Min Decision Transformer Save

Minimal implementation of Decision Transformer: Reinforcement Learning via Sequence Modeling in PyTorch for mujoco control tasks in OpenAI gym

Project README

Decision Transformer

Overview

Minimal code for Decision Transformer: Reinforcement Learning via Sequence Modeling for mujoco control tasks in OpenAI gym. Notable difference from official implementation are:

  • Simple GPT implementation (causal transformer)
  • Uses PyTorch's Dataset and Dataloader class and removes redundant computations for calculating rewards to go and state normalization for efficient training
  • Can be trained and the results can be visualized and rendered on google colab with the provided notebook

Open min_decision_transformer.ipynb in Google Colab Open In Colab

Results

Note: these results are mean and variance of 3 random seeds obtained after 20k updates (due to timelimits on GPU resources on colab) while the official results are obtained after 100k updates. So these numbers are not directly comparable, but they can be used as rough reference points along with their corresponding plots to measure the learning progress of the model. The variance in returns and scores should decrease as training reaches saturation.

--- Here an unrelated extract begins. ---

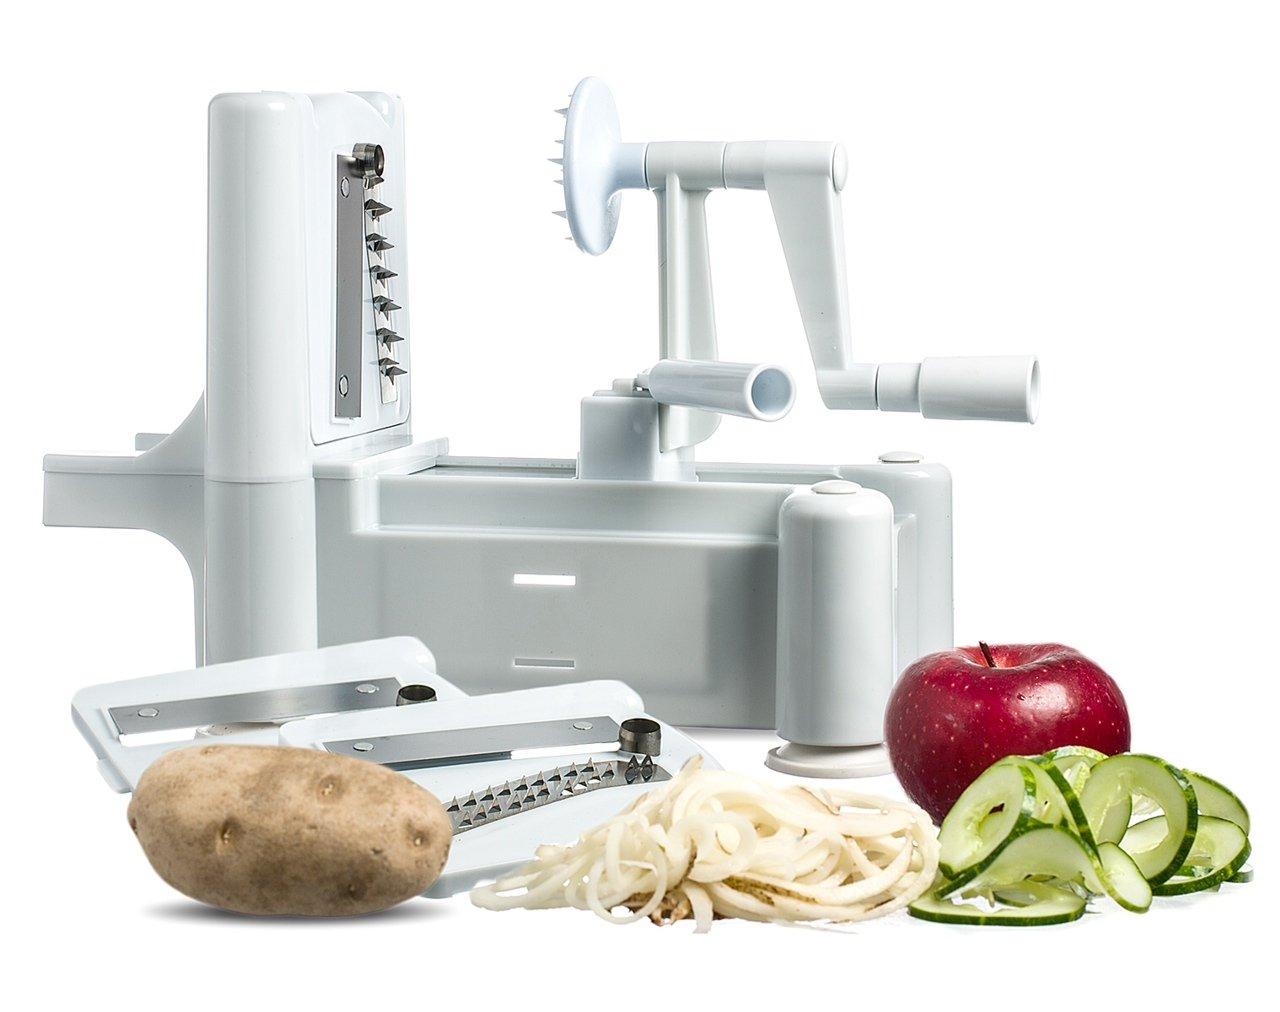 Amazon.com: New and Essential Spiralizer Tri-Blade Spiral Vegetable ...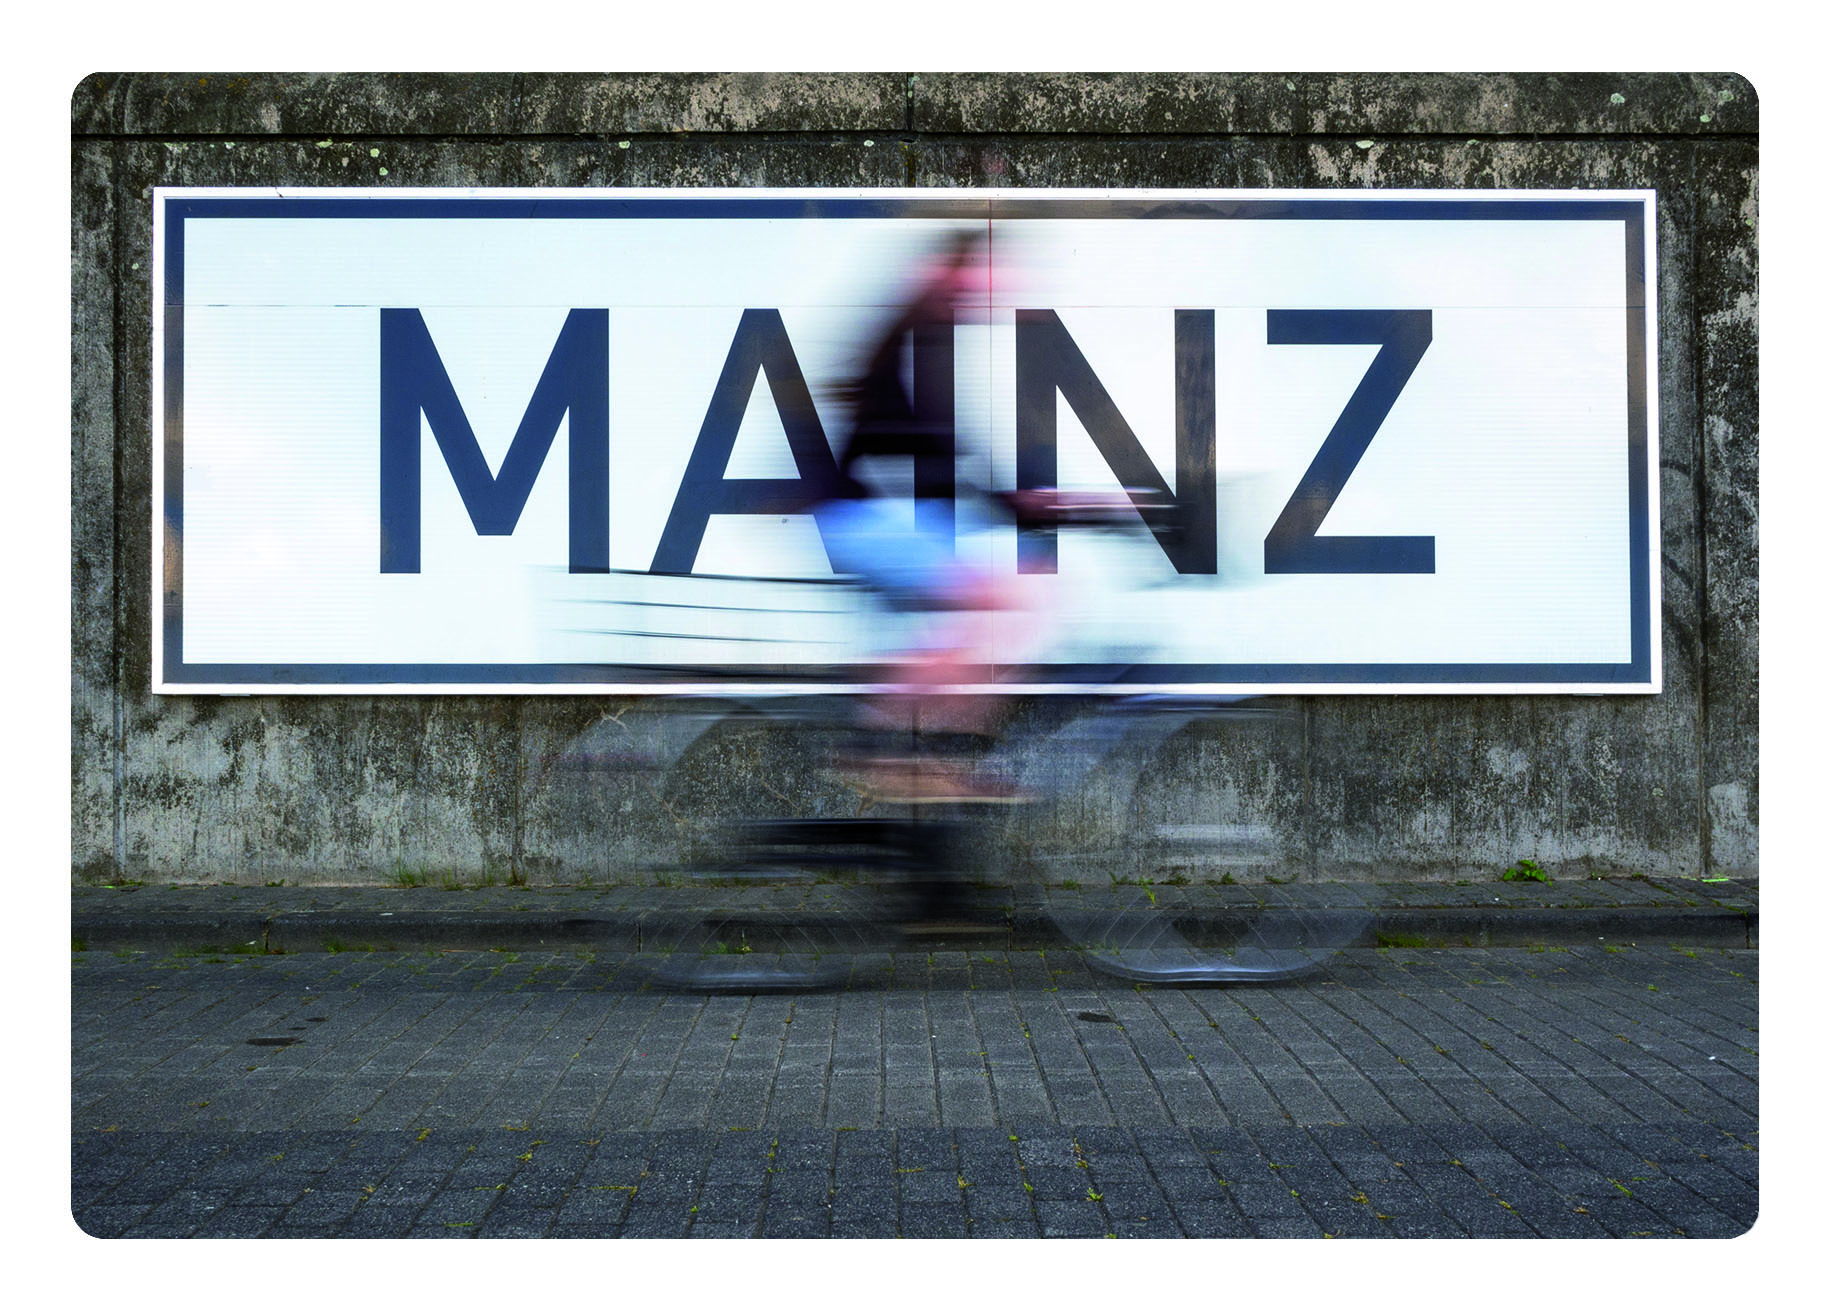 querformat-fotografie - Achim Katzberg - 07_1 Postkarten_Mainz_MAINZ

Dataset Environment DT (this repo) 20k updates DT (official) 100k updates
Medium HalfCheetah 42.18 ± 00.59 42.60 ± 00.10
Medium Hopper 69.43 ± 27.34 67.60 ± 01.00
Medium Walker 75.47 ± 31.08 74.00 ± 01.40

Instructions

Mujoco-py

Install mujoco-py library by following instructions on mujoco-py repo

D4RL Data

Datasets are expected to be stored in the data directory. Install the D4RL repo. Then save formatted data in the data directory by running the following script:

python3 data/download_d4rl_datasets.py

Running experiments

  • Example command for training:
python3 scripts/train.py --env halfcheetah --dataset medium --device cuda
  • Example command for testing with a pretrained model:
python3 scripts/test.py --env halfcheetah --dataset medium --device cpu --num_eval_ep 1 --chk_pt_name dt_halfcheetah-medium-v2_model_22-02-13-09-03-10_best.pt

The dataset needs to be specified for testing, to load the same state normalization statistics (mean and var) that is used for training. An additional --render flag can be passed to the script for rendering the test episode.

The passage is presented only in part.